Residents in the area surrounding Melrose Street below 10th Avenue have been dealing with issues of traffic control, heavy equipment tearing up the roadway and sheer noise for the past few months. It’s the current phase of the City of Port Alberni’s project to separate storm and sewer lines in the neighbourhood.
Rob Dickinson is the city Director of Engineering for Public Works. Dickinson said many of the existing pipes in the Melrose Street network are old and in poor condition, and will have to be replaced. Others are still usable.
“We use the existing pipes as storm, because it is of higher capacity,” the explained. “The new pipe we are installing is actually the sanitary/sewer. Then we connect that to our pumping stations.”
Currently, rainwater collects with local sewage and flows across the harbour to the lagoon on the other side of the Somass River in a common drainage system. Partly due to the age of the system, in the event of major rainfall, sewage overflow at numerous sites along the harbour has become common.
Artist Astrid Johnson works at home and operates DRAW Gallery in her house at the corner of Eighth Avenue and Melrose. From her front porch, she is looking directly at the massive collection of pipe, fittings and excavation equipment in the utility (or “Melrose”) park across the street.
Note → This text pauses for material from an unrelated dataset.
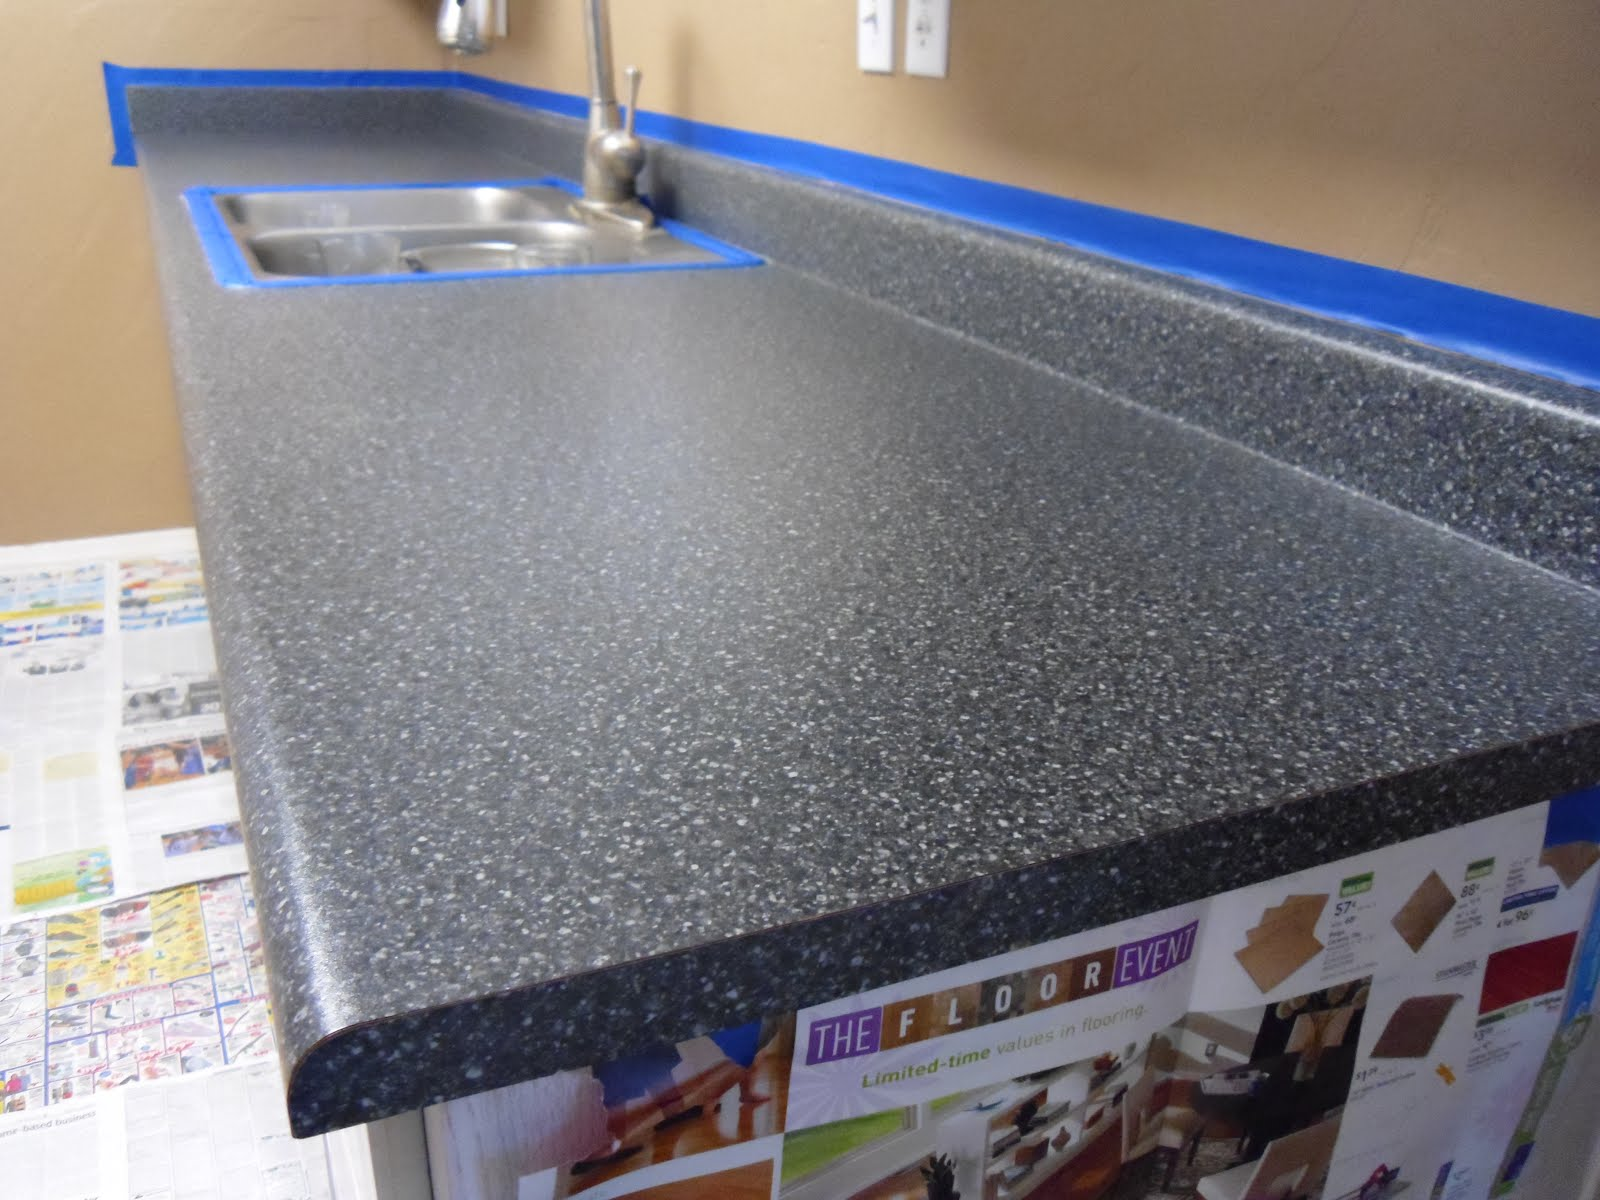 home depot countertop sale kitchen countertops home depot Faux Granite Countertops Home Depot

Johnson said the crew started digging one block below her, at Sixth Avenue. That work took one week, then they moved up to her block.
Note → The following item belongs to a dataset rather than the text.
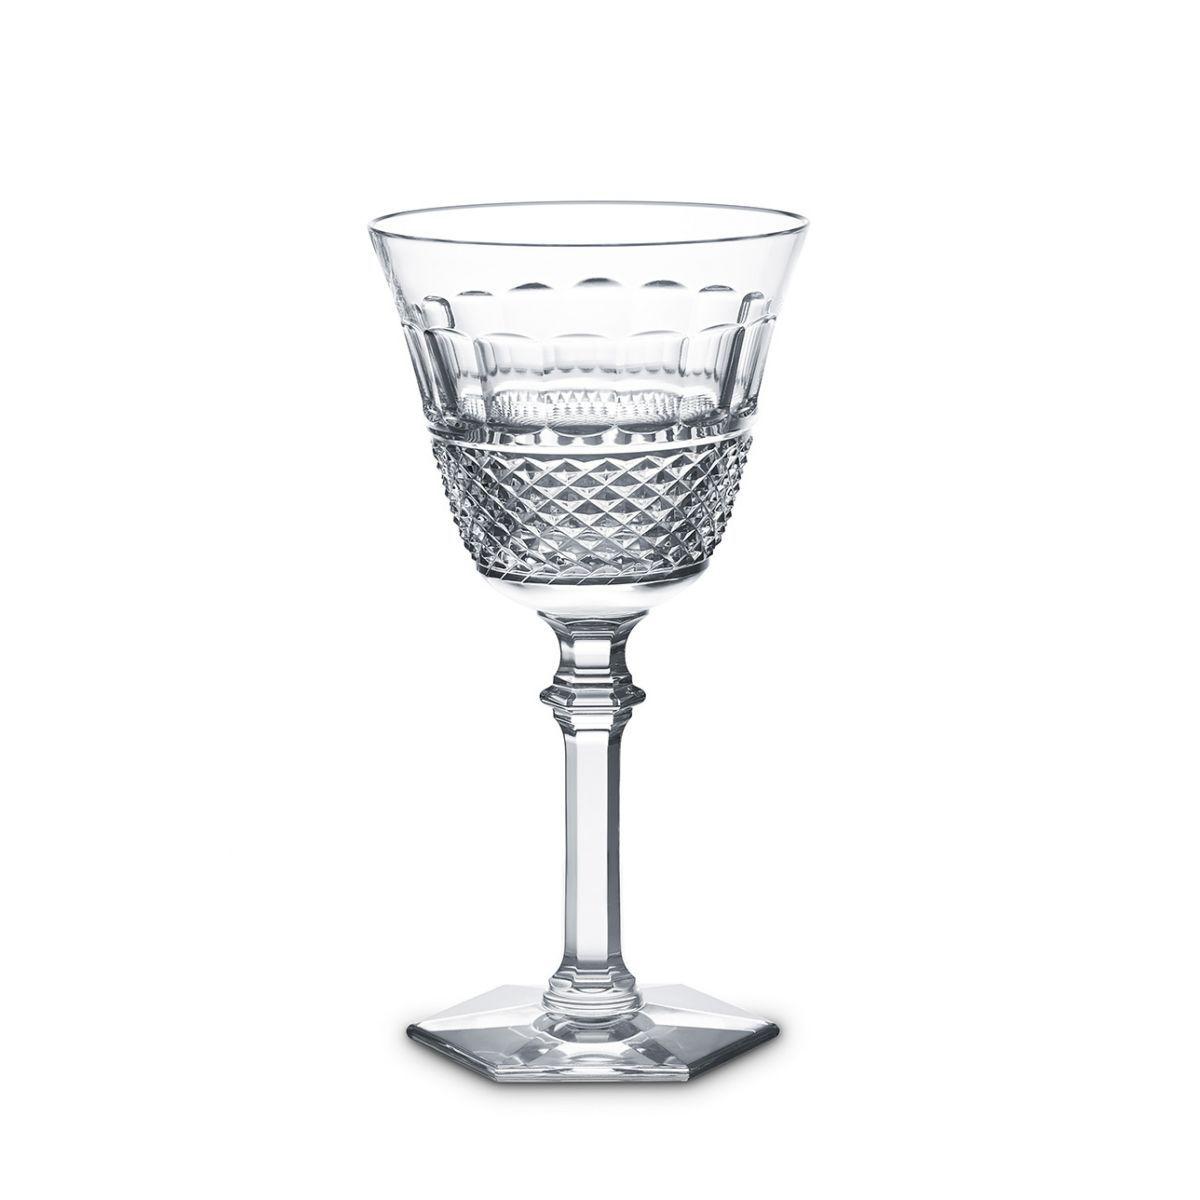 Taça Vinho Tinto Diamant 240ml, Baccarat, 2807174

“I figured it would take a week to do my block, then they would move on,” she said. “This is the third month now. It only took a week to do my block, but they’re still here. The street is still blocked off.”
But Johnson, like many nearby residents (including this reporter), has come to appreciate the positive aspects of the project. First of all, the fact that it is getting done. Secondly, that the workers are so considerate of residents.
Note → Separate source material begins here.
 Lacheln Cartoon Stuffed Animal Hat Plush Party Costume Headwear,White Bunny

“They’re great. They’re kind, they’re humorous — very nice,” she said. “They realize, in a way, that they are guests here — even though they’re doing a job they were hired to do. They’re not residents, but they’re very considerate of residents.”
Deliveries are typically accomplished on foot, and the crew is flexible about allowing access to vehicles.
“We want to assure residents that we are going to make sure the park is not being left as a mud-hole,” observed Ken Prentice of Koers Engineering, the general contractor. The work is being performed by Leuco Construction Inc., from Qualicum Beach.
Dickinson noted that the Melrose Street project will see about 1,200 metres of new pipe laid, at an initial cost of about $1.7 million. It is all part of the city’s goal to install a new sewage treatment capacity.
“Actually, we’re almost finished one — we have probably built 90 percent of it,” he said. “We have taken over the old Catalyst lagoon, which is four times the size of the old city lagoon,” he said. “To reach the current (water quality) standards, we are going to UV (use ultraviolet light treatment) the effluent after it’s gone through the lagoon.”
The treated water will be released through an outfall pipe 800 metres into the harbour. The site was selected following consultation with federal fisheries and local First Nations, Dickinson said.
Residents working on outside drainage will be required to twin their storm and sewer lines, although the pipes will probably hook up to the existing old line. Eventually, all homes will be required to twin their storm and sewer lines. But it’s going to take a long time, Dickinson warned.
“The city will be working on this for about another 50 years, at about $3 million a year.” That means installing about 1,500 metres of pipe per year, including one or two blocks per year on the Melrose Street network.